The critical thing is whether you know what you are doing.
Same $1,500,000 but Based On a Different Spending System
Now I could design Daedalus spending system differently.
Instead of a 2% initial Safe Withdrawal Rate, I can design Daedalus to be based on a recommended income of 5% of the prevailing portfolio value.
The investments is the same. Currently, it is a portfolio equity and fixed income ETFs in a 85% equity 15% fixed income mix.
For example, suppose for the past 3 years the growth of Daedalus is like this:
- Year 1: +15%
- Year 2: -45%
- Year 3: +50%
If our planning at the start is 5% of the portfolio value, then the first year recommended income that we can withdrew at the start is $75,000.
Now at the start of second year, the recommended income would be (($1,500,000 -$75000) x 1.15) x 0.05 = $81,937.
At the start of third year, the recommended income would be (($1,638750 – $81,937) x 0.55) x 0.05 = $42,812.
At the start of forth year, the recommended income would be (($856,247 – $42,812) x 1.5) x 0.05 = $61,007.
Hey Kyith, isn’t the income a bit too volatile?
Well, you are the one that designed it.
Some folks like this percentage of prevailing portfolio strategy, but partly it is also because of the return numbers I use. If your portfolio is less volatile, using such a strategy would create a less volatile income.

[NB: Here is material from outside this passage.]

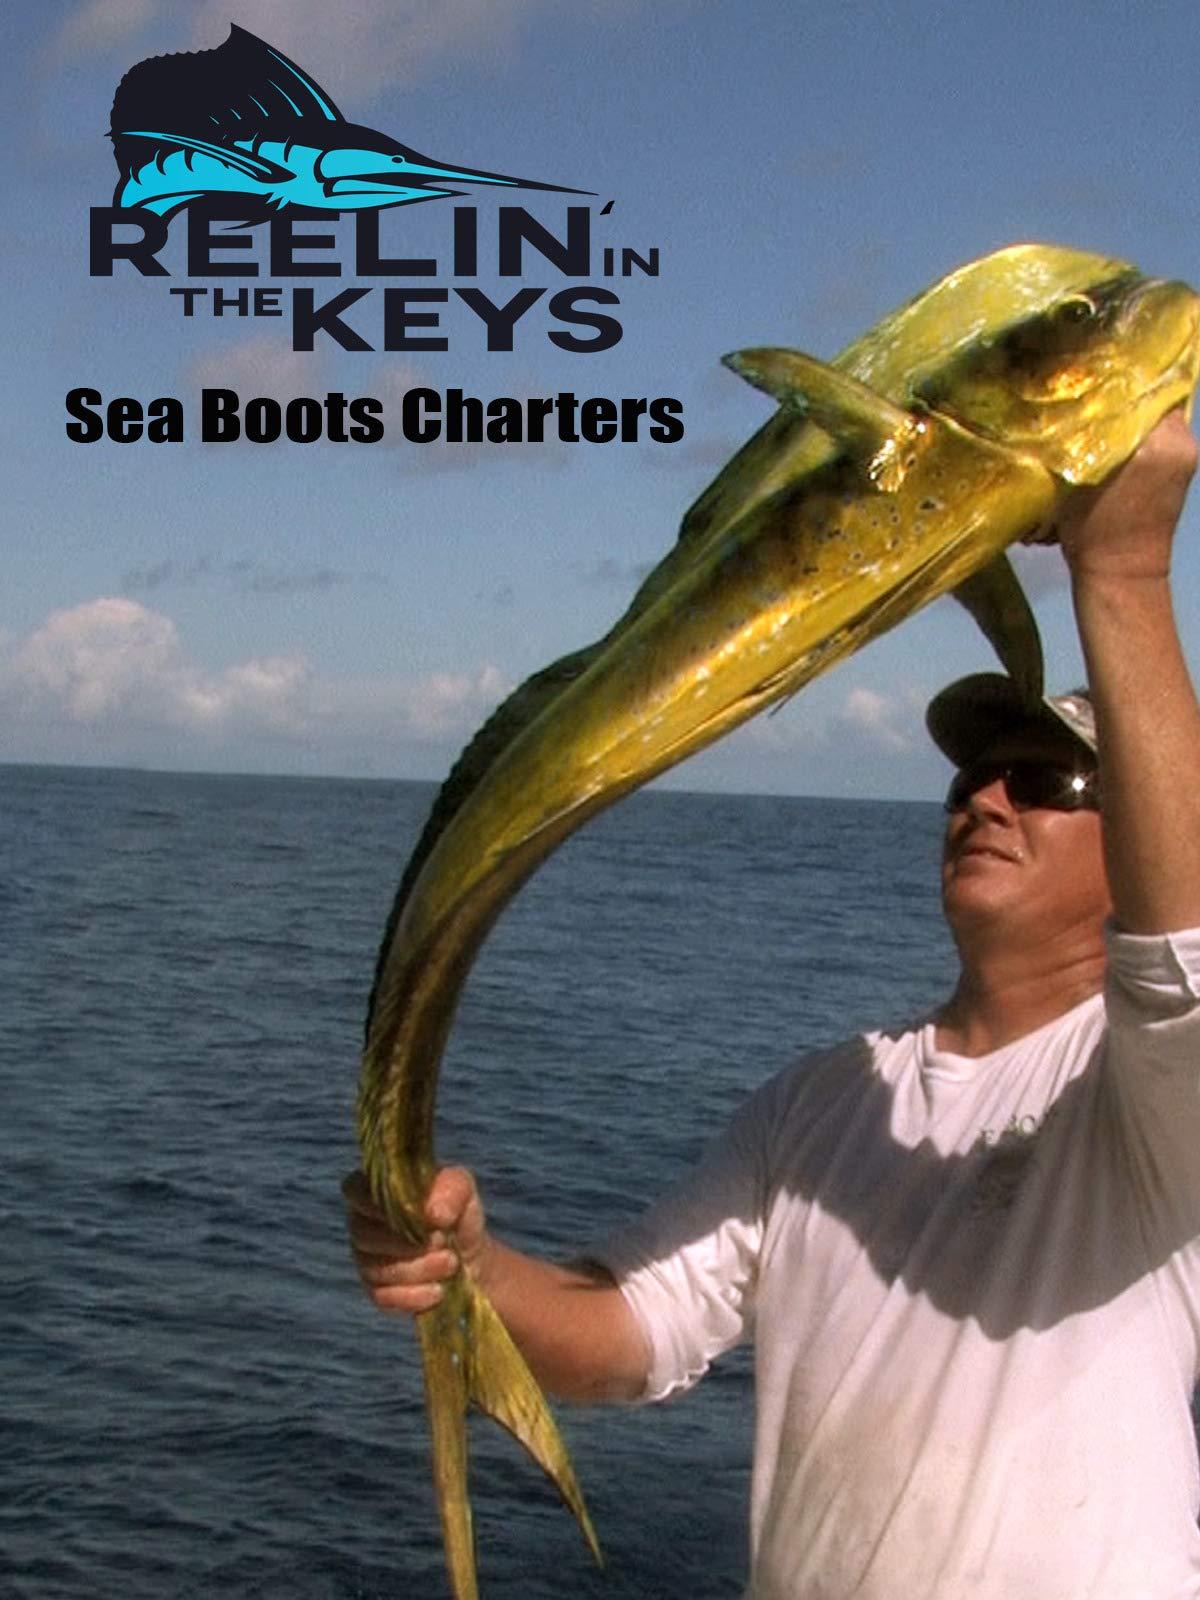 Reelin' In The Keys - Sea Boots Charters

The recommended income does not measure up closer to inflation yearly because this income stream is based on market conditions.

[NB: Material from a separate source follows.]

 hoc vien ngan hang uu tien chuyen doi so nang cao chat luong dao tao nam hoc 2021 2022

We will often say that this income strategy is meant more for flexible income goals such as discretionary spending.
Recommended Income Allows You to Detach Your Income Planning From Your Actual Spending Today, to Focus More On the Nature of Income You Want.
Too often, we plan based on what we spend today.

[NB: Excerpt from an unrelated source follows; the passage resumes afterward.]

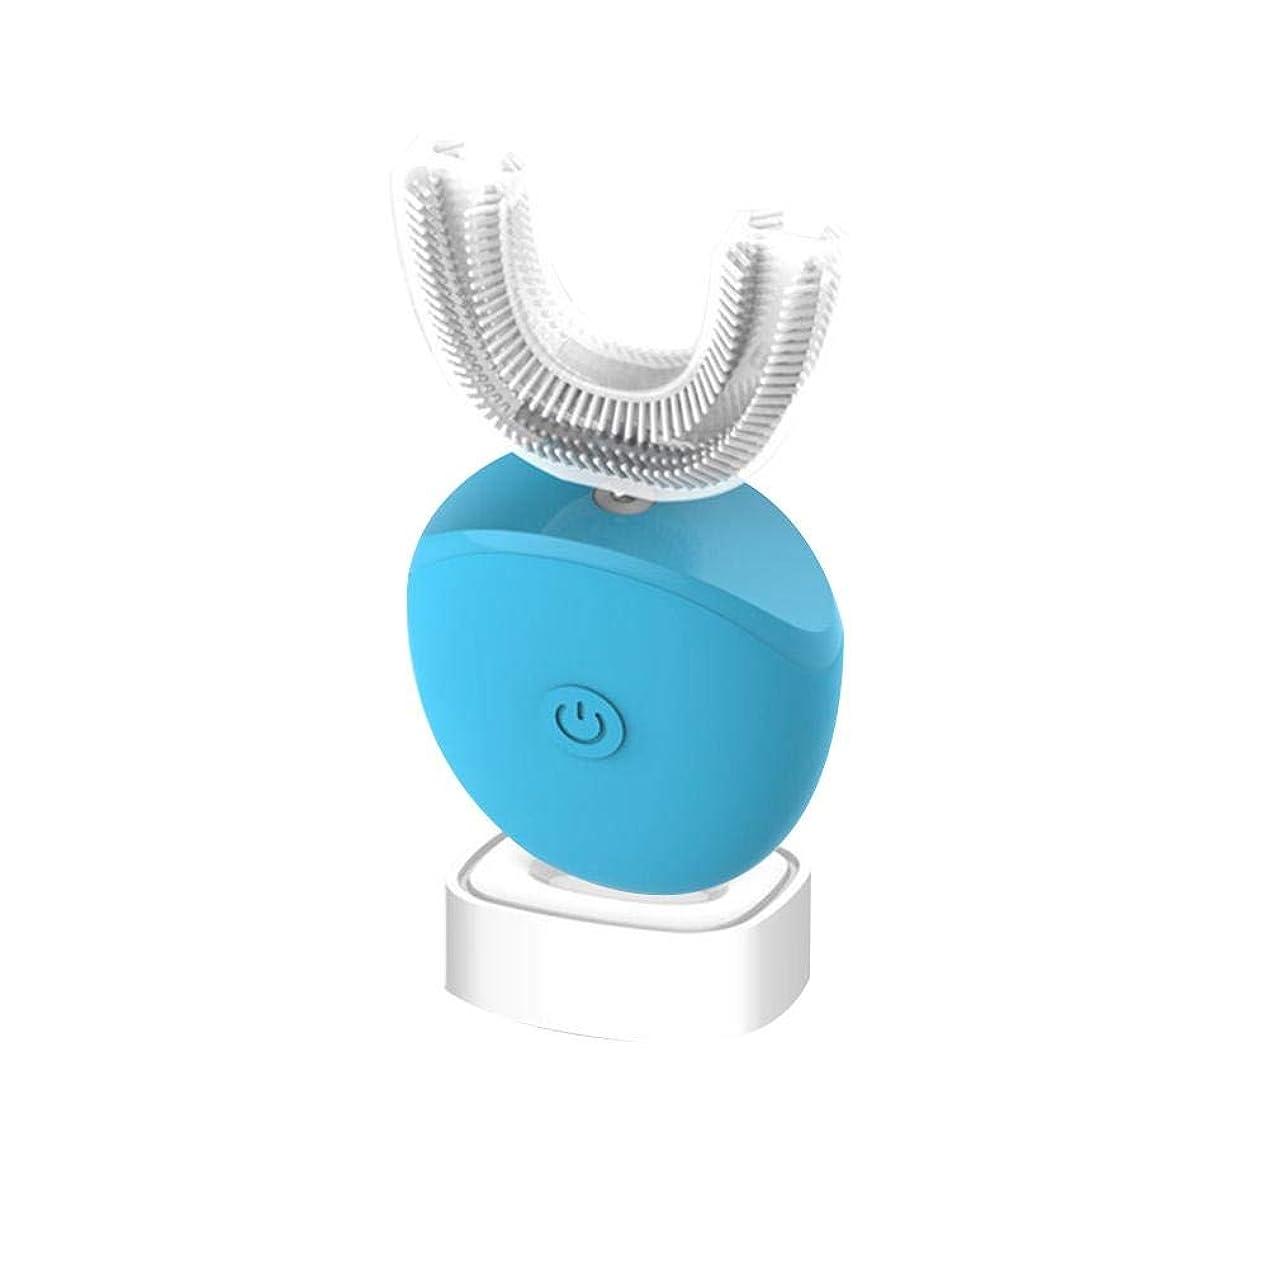 著者ファイター道を作るフルオートマチック可変周波数電動歯ブラシ、自動360度U字型電動歯ブラシ、ワイヤレス充電IPX7防水自動歯ブラシ(大人用),Blue

This is not too wrong, especially if someone tracks the spending.
But sometimes you might want to plan for a medical sinking fund for your spending on your annual shield and rider premiums. That is just two spending line items.
Do you plan using all your current spending of $87,000 yearly?
Cannot be right.
Using recommended income in small ways forces you to confront what sort of income you need. And in this case we know that the premiums go up by age, but also go up by non-guarantee insurer adjustments.
So the Wealth Machine, and the income system within, needs to give you a recommended income that address this needs well.
The Wealth Machine and its Income System Concept Detach Your Income planning from the Natural Income Your Investments Provide.
Too often, investors choose their investments based on whether there is a natural income such as interest, dividends from their securities.
Due to their greed, or their high lifestyle desire, they may chase for investments such as YieldMAX funds, options writing strategy, high dividend individual stocks that have high natural income.
When I design Daedalus, it is meant as a potential high yield income strategy. The investments in the portfolio, if they hit median or optimistic returns, can allow me to spend 8-10% initial from $1,500,000 if inflation is reasonable with no problems.
And all the ETFs are accumulating funds which means they don’t give natural income.
High income does not always come from investments from high natural income.
And many struggle to see it. Perhaps it is a psychological thing.
I start off with 2%, because the future is unknowable and we are doing forward planning, on a financial goal that we don’t want it to fail. If you are the kind that are so happy to stop work, then 10 years later can come out to find work when markets are so bad, you use very optimistic recommended income assumptions, then you can start with 8-10%.
But I use 2%, based on my research and my comfort zone.
In a way, I detach the planning from the natural income of the investments.
This will force you to consider if you aren’t constrain by natural income, then what would you invest in.